As a precaution, this article was removed after reference was made to it by the defence at the trial. I decided that although the judge took no action, I didn't want there to be be any possibility of a mistrial being caused by the blog, even though the jurors had been specifically enjoined not to look for details of the case on the Internet. It is now being restored in its original form.
For most of the day the victim fielded questions from Maestri's counsel, Pearce's counsel and the prosecution barrister. The defence lawyers attempted to undermine his credibility and pick holes in his story. The victim presented himself well and remained calm throughout in spite of the way he was treated by the defence.
It was again suggested that the victim was simply after money and that he was on the "compensation wagon". He replied that he was not, and that if he had wanted money he would have taken his case to a civil court and not a criminal court.
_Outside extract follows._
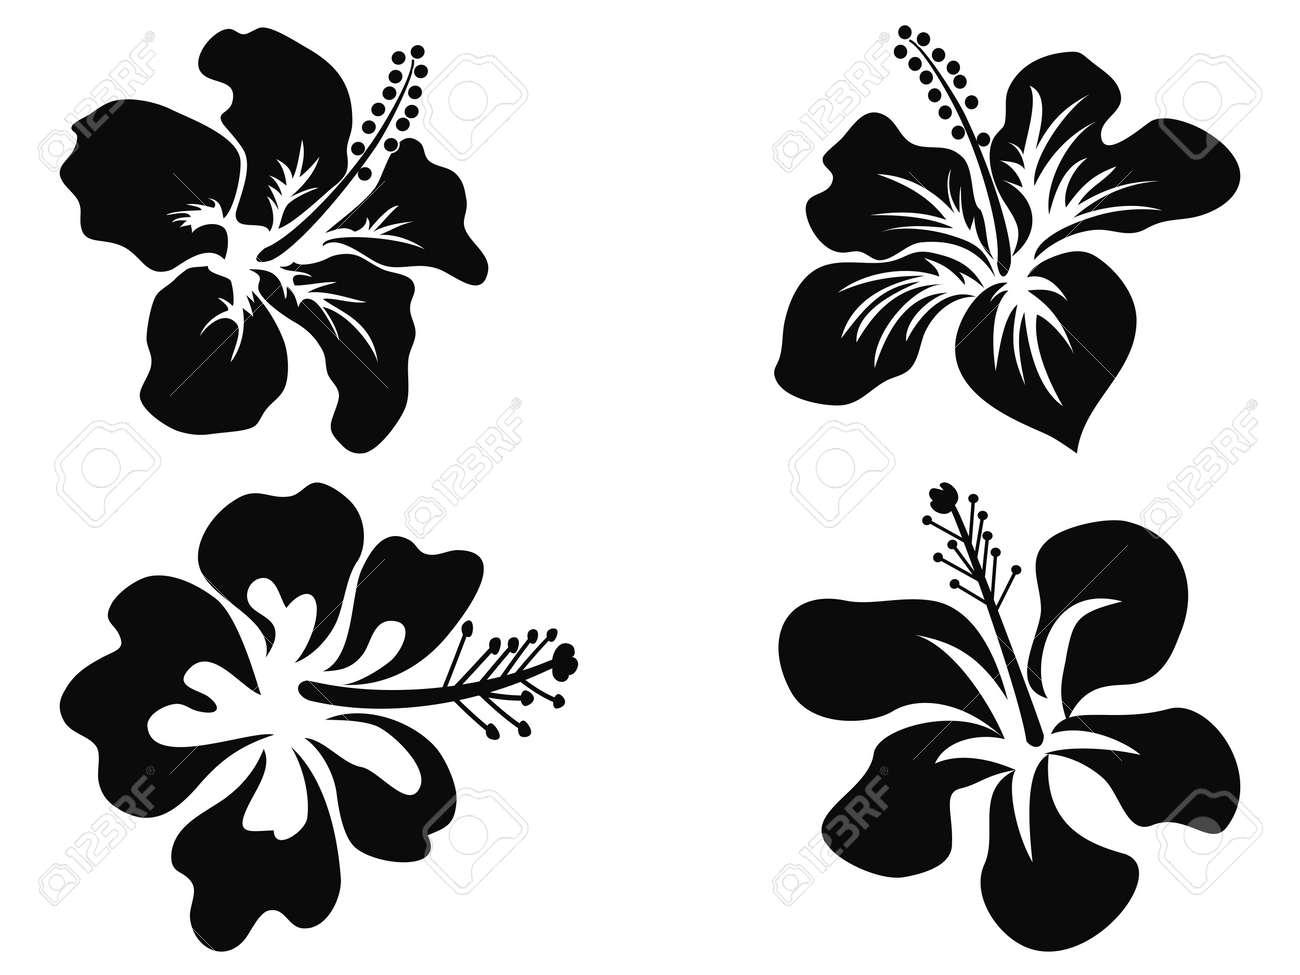 Tatouage Fleur Hibiscus Excellent Related Post With Tatouage Fleur

The defence pointed out that since leaving the School, the victim had attended a funeral at the Abbey and a party at the School for a history master who was retiring. It was suggested that someone who had experienced abuse at the School would not have returned for these events. The victim said that the funeral was that of a friend and that he had a high opinion of the retiring history master.
A great deal of attention was paid to the rooms in which the abuse took place and the victim was asked to describe them in detail. In his original statement he had told police that the playground was visible from one of the rooms. In court one of the defence lawyers asked him if the playing fields could be seen from the window. The victim pointed out that the playing fields were in Perivale, about one and a half miles away.
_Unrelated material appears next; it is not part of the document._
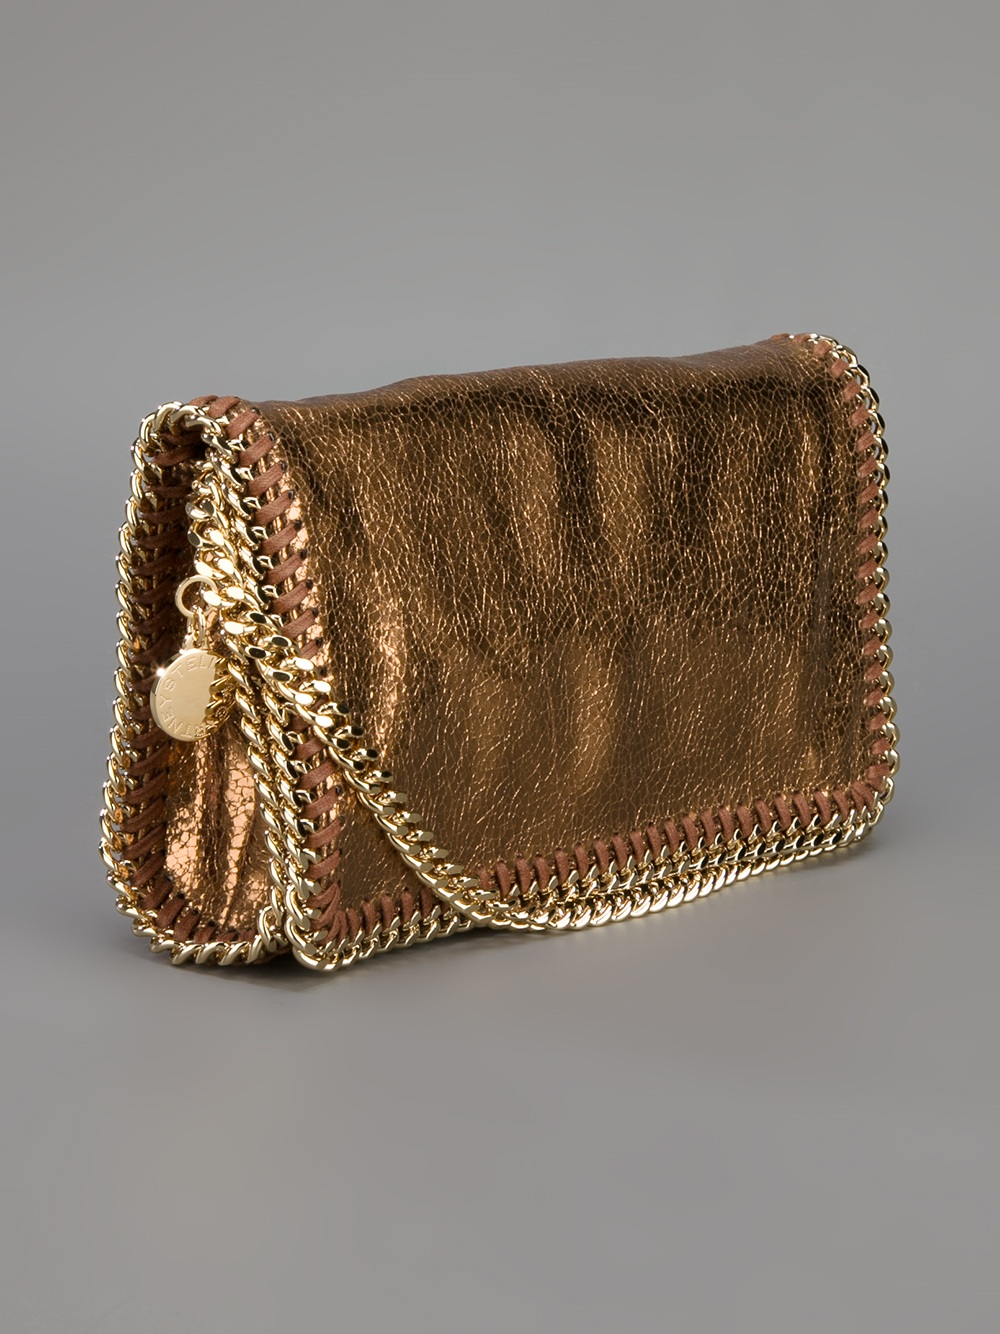 Stella McCartney Metallic Crackle Falabella Bag in Brown - Lyst bb764c3166a0c

Pearce's lawyer made great attempts to stampede the victim into giving specific dates for the abuse. It was claimed that Pearce had moved office at some point and the lawyer's strategy was clearly to try to get the victim to specify the wrong room. He went too far in his attempts and at this point the judge put him in his place very firmly.
Pearce's lawyer pointed out that the victim was fourteen when some of the abuse took place and asked, "why didn't you stand up for yourself?" He said that the victim claimed to have been abused by Pearce seven or eight times and found it strange that he returned to his office if he knew what was going to do be done to him. The victim talked about the controlling culture of the School and explained that in those days the boys were trained to be obedient to authority. He said that the abuse had petered out when Pearce lost interest in him and presumably turned his attention elsewhere.
Some of the issues raised on day two of the trial were revisited. There was further discussion of the interview with Fr Anthony Gee, and of this blog.
An email which the victim had sent to a friend was read in court, in it he described the abuse that he had been subjected to.
One of the defence lawyers asked if it was true that he had been in trouble with the police as the result of a fight with another boy on a bus while he was a pupil at the School. The victim admitted that it was true, said that he wasn't proud of it, that he had had to pay for damage to the other boy's clothes and that his own father had been very angry with him.
The next witness to be called was DC Christine Hobson who had carried out the recorded interview of the victim, which was shown to the jury on day two of the trial. She was asked about the interview and in particular she was questioned as to why it was so short (about one hour) and why the victim made claims in later statements that he did not make at the time. She said that this was the way that things were usually done, that it was an initial interview and that the victim could not be expected to remember everything. The purpose of the interview was to establish an outline of the allegations any to determine lines of questioning for later interviews.
The case resumes at 10.15 a.m. on Tuesday.